Wednesday, April 2, 2014

Grilled Zucchini and Gruyere Panini with Smoky Pesto


When I was in high school, my friends and I used to sneak out at lunch and go to Bagel Bakery, a bagel and sandwich shop just down the road. My friends would usually order a plain bagel, since at the time, they were following "the bagel diet," - in hindsight, basically the worst diet ever. But me, I always ordered a panini. At the time, it made me feel fancy and totally superior to my friends with their boring, plain bagel.
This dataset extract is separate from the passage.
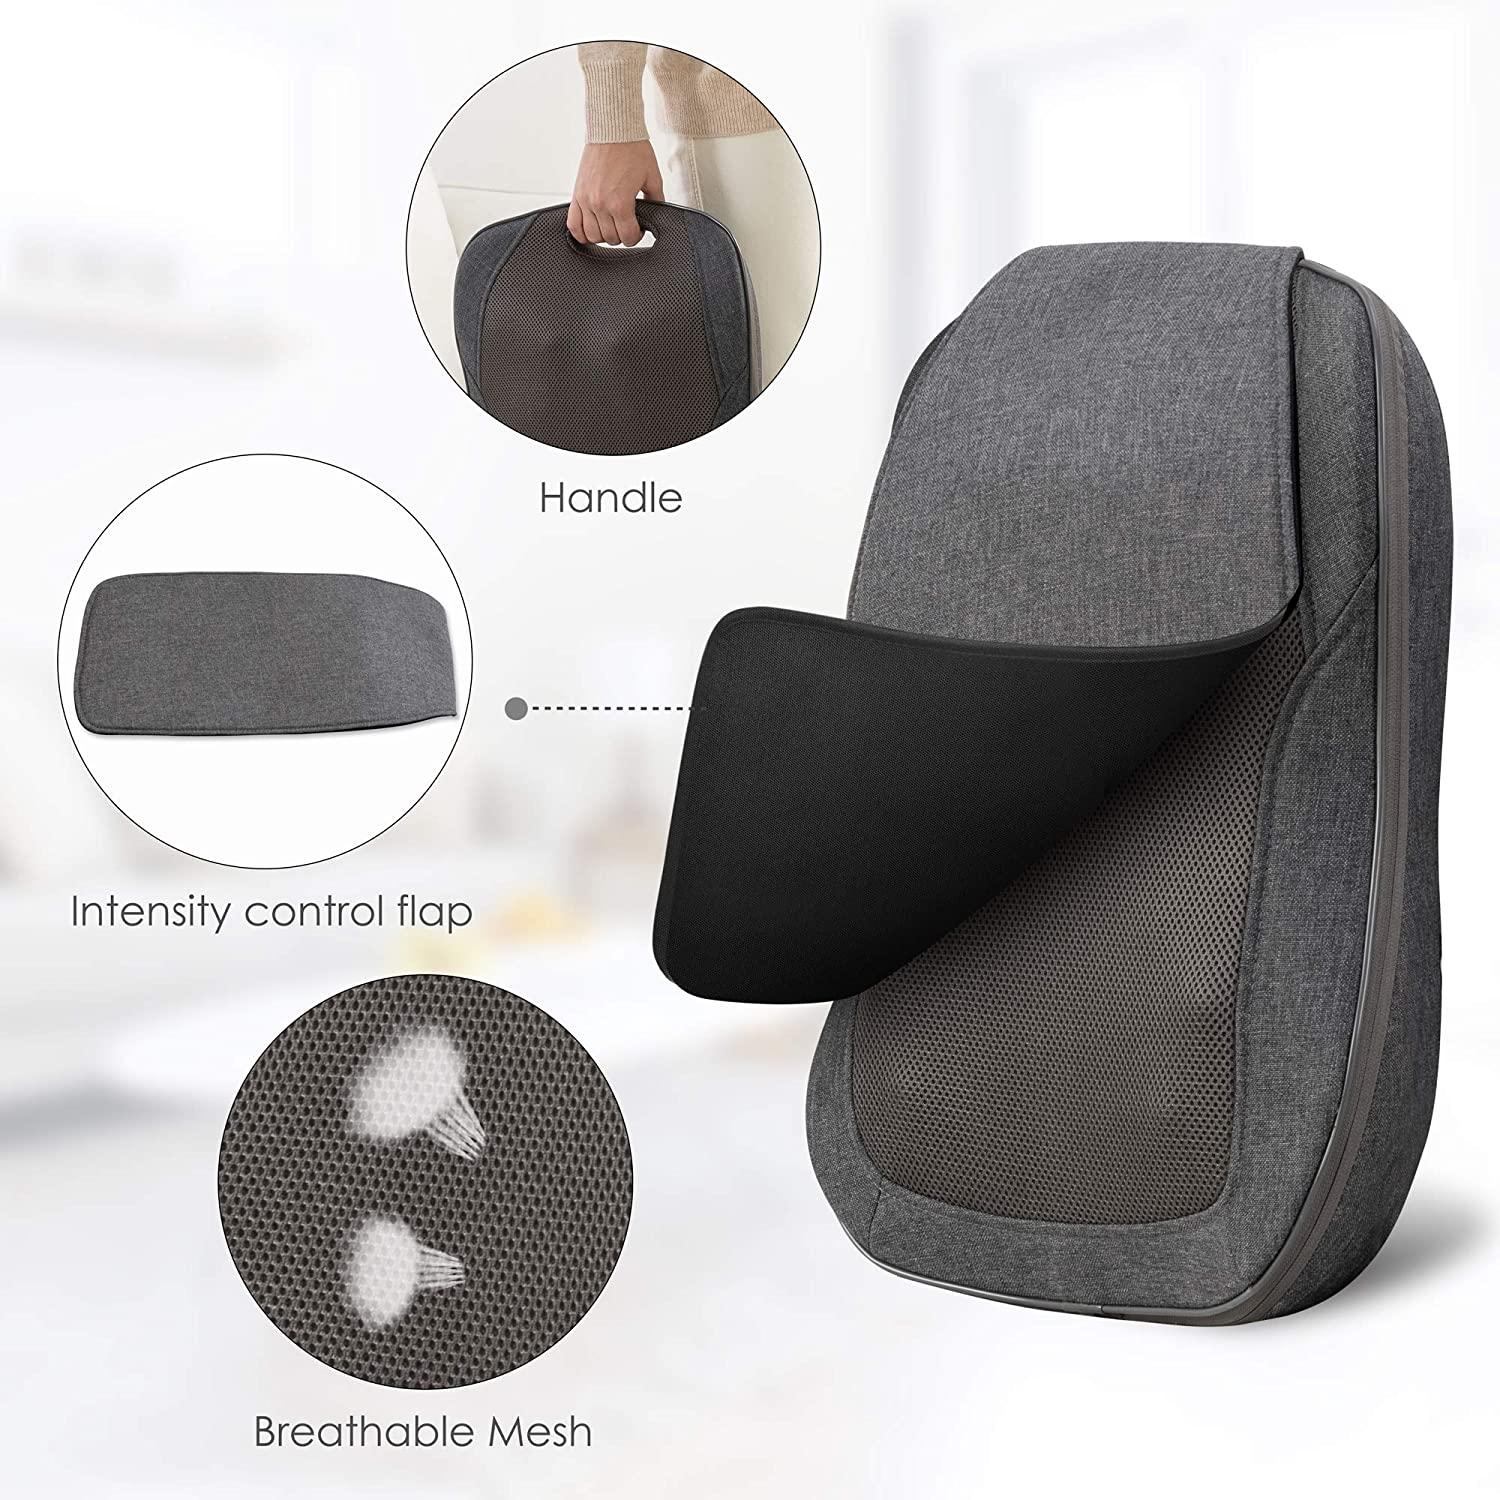 Comfier Back Massager with Heat,Shiatsu Massage Chair Pad,Deep Kneading  Massage Seat Cushion for Home,Office 
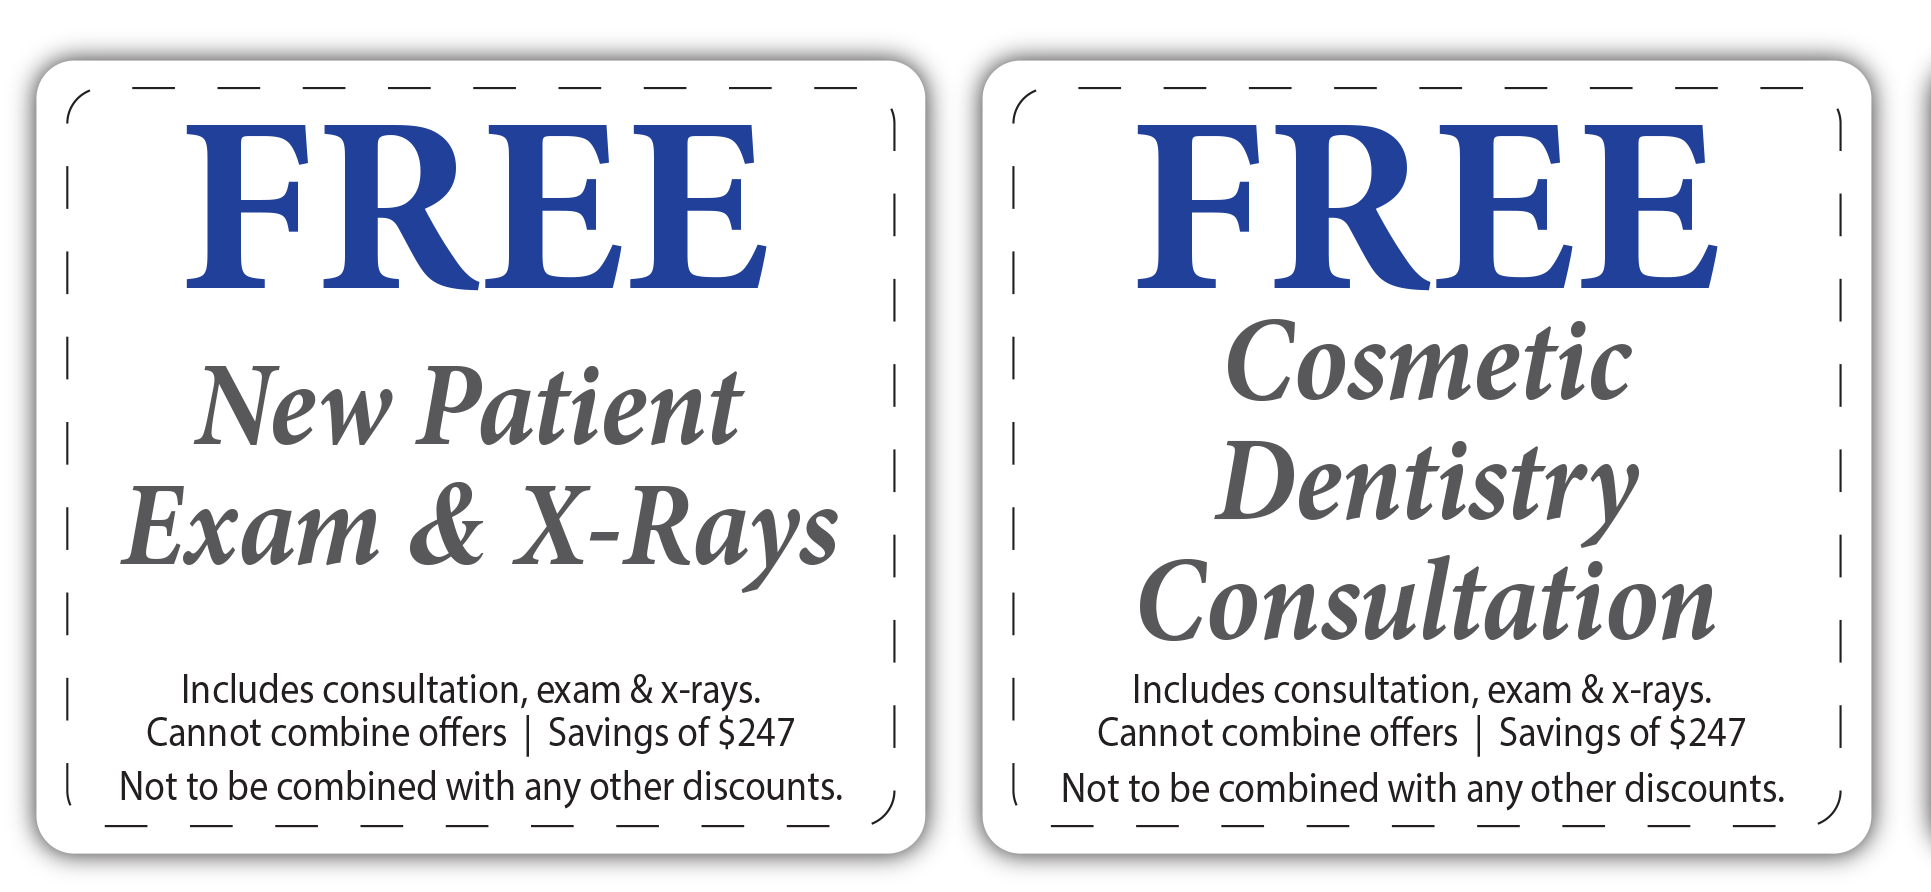 Free Cosmetic Dentistry Consultation in Santa Barbara, CA

I still have a soft spot for paninis. It's probably the melty cheese. Actually, it's definitely the melty cheese. But I can't forget the crunchy, toasty, buttery bread, which I love almost as much. Whether it's a dense garlic studded ciabatta, a soft, sweet slice of brioche, or a tangy, crusty piece of sourdough, there are few things I love more than fresh, artisan bread. While I indulge on occasion, for the most part, if I'm making a panini at home, I stick with the healthiest bread I can (because that cancels out the cheese, obviously).


Bread is one of the most maligned foods. In a way, it's for good reason. Bread is the third greatest source of calories in the average American diet. A bagel for breakfast, sandwich for lunch, and biscuit from a can at dinner - all that white flour adds up!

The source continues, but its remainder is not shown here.